The internal OTLP exporter is implemented in the Go SDK used by the Collector. While the Go SDK supports environment variable-based configuration, programmatic configuration by the collector takes precedence, so it is recommended to use the collector’s YAML configuration to avoid unexpected behavior.

Additional options for metrics

The following options apply only to the OTLP metric exporter (metrics::readers[*].periodic.exporter.otlp).

Field name	Default value	Description
`temporality_preference`	`cumulative`	Aggregation temporality for metric instruments. Supported values: `cumulative` (all instruments), `delta` (delta for counters, histograms, and observable counters; cumulative for all others), `lowmemory` (delta for counters and histograms; cumulative for all others).

Types of internal telemetry

The OpenTelemetry Collector aims to be a model of observable service by clearly exposing its own operational metrics. Additionally, it collects host resource metrics that can help you understand if problems are caused by a different process on the same host. Specific components of the Collector can also emit their own custom telemetry. In this section, you will learn about the different types of observability emitted by the Collector itself.

Summary of values observable with internal metrics

The Collector emits internal metrics for at least the following values:

Process uptime and CPU time since start.
Process memory and heap usage.
For receivers: Items accepted and refused, per data type.
For processors: Incoming and outgoing items.
For exporters: Items the exporter sent, failed to enqueue, and failed to send, per data type.
For exporters: Queue size and capacity.
Count, duration, and size of HTTP/gRPC requests and responses.

A more detailed list is available in the following sections.

Metric names

This section explains special naming conventions applied to some internal metrics.

`otelcol_` prefix

As of Collector v0.106.1, internal metric names are handled differently based on their source:

Metrics generated from Collector components are prefixed with otelcol_.
Metrics generated from instrumentation libraries do not use the otelcol_ prefix by default, unless their metric names are explicitly prefixed.

For Collector versions prior to v0.106.1, all internal metrics emitted using the Prometheus exporter, regardless of their origin, are prefixed with otelcol_. This includes metrics from both Collector components and instrumentation libraries.

`_total` suffix

By default and unique to Prometheus, the Prometheus exporter adds a _total suffix to summation metrics to follow Prometheus naming conventions, such as otelcol_exporter_send_failed_spans_total. This behavior can be disabled by setting without_type_suffix: true in the Prometheus exporter’s configuration.

If you leave out service::telemetry::metrics::readers in the Collector configuration, the default Prometheus exporter set up by the Collector already has without_type_suffix set to false. However, if you customize the readers and add a Prometheus exporter manually, you must set that option to return to the “raw” metric name. For more information, see the Collector v1.25.0/v0.119.0 release notes.
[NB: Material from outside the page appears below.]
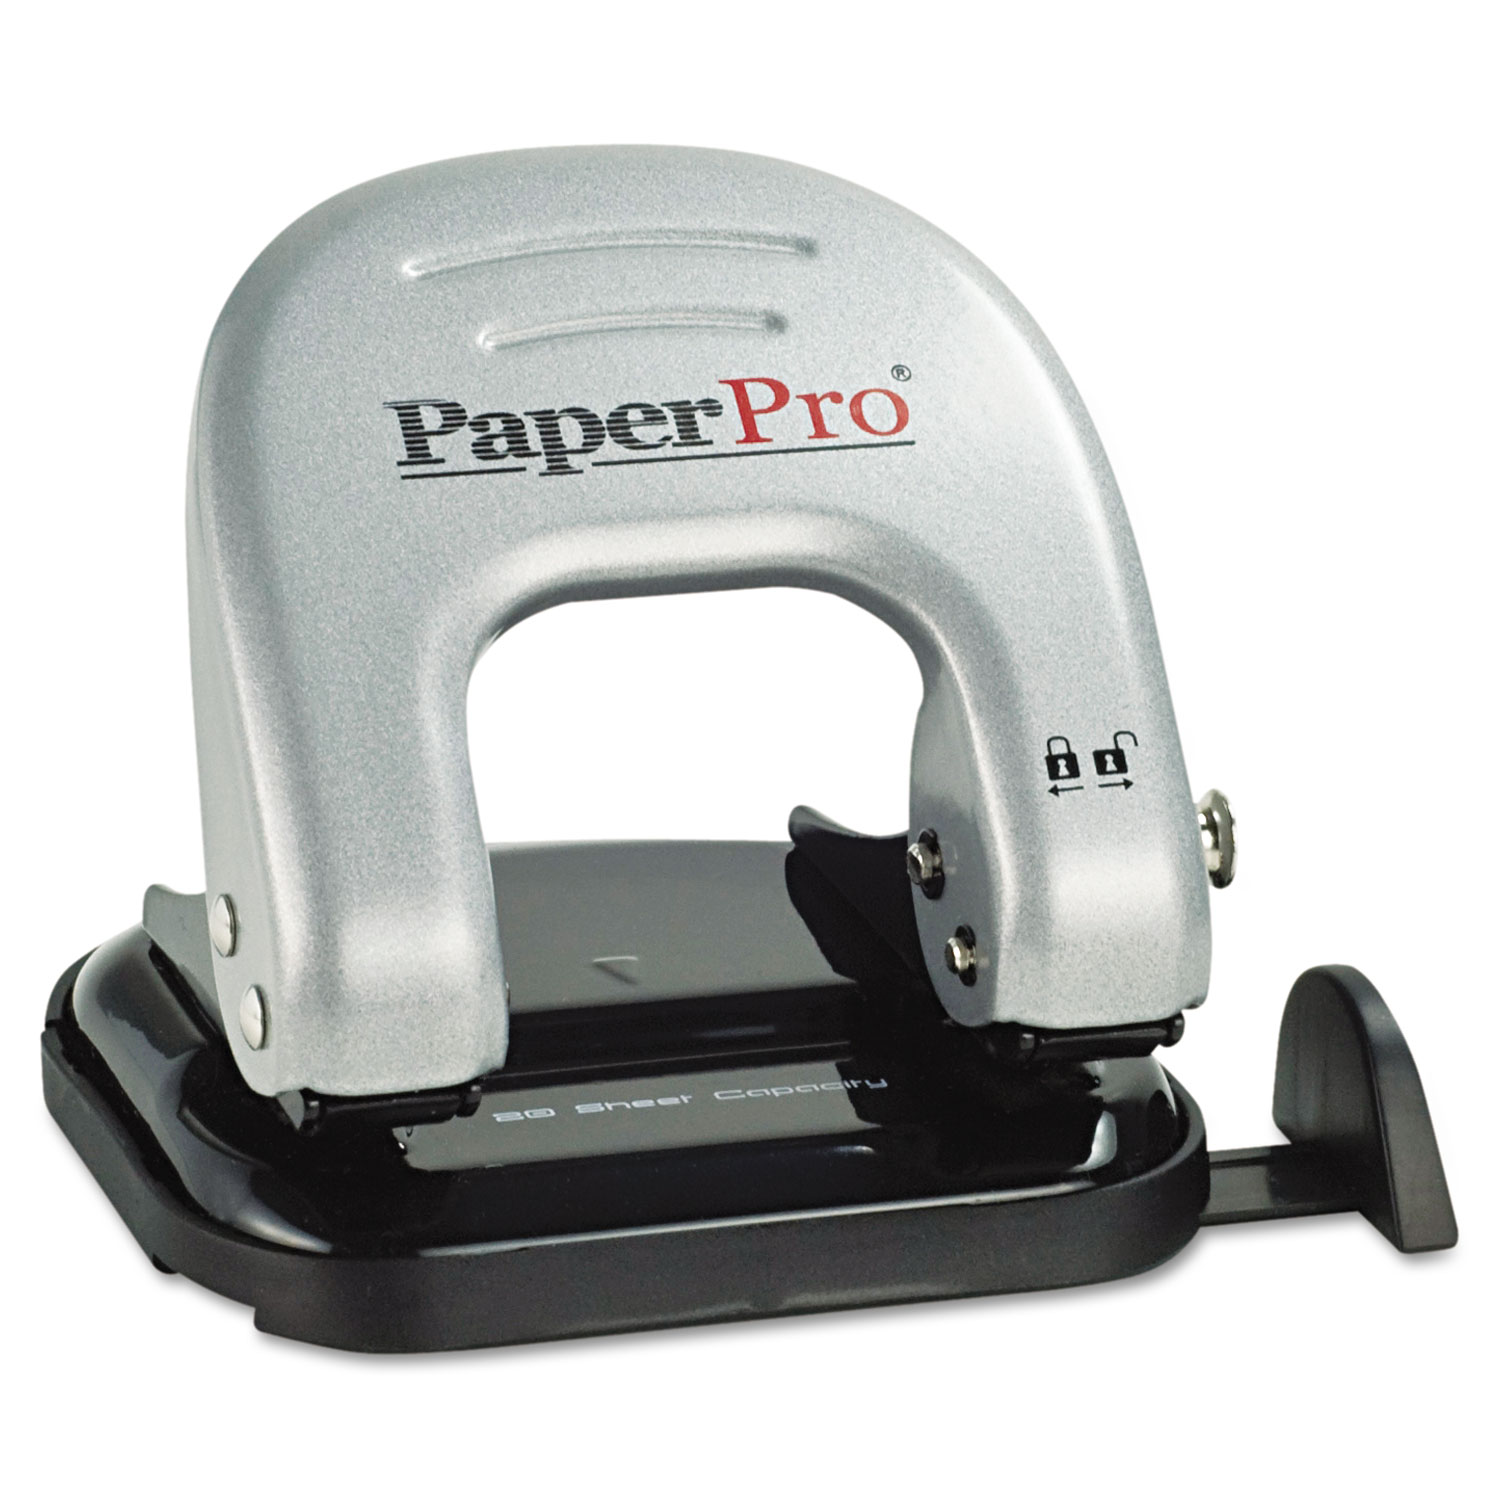 EZ Squeeze Two-Hole Punch, 20-Sheet Capacity, Black/Silver

Internal metrics exported through OTLP do not have this behavior. The internal metrics on this page are listed in OTLP format, such as otelcol_exporter_send_failed_spans.

`_seconds` and other unit suffixes

The Prometheus exporter appends a unit suffix to metrics that carry a unit. For example, otelcol_process_uptime (unit: seconds) can be exported as otelcol_process_uptime_seconds_total — the _seconds unit suffix is added first, then the _total counter suffix.

The default Prometheus exporter configured by the Collector (when no readers are specified) already sets without_type_suffix and without_units to true for backwards compatibility, so otelcol_process_uptime is used as-is.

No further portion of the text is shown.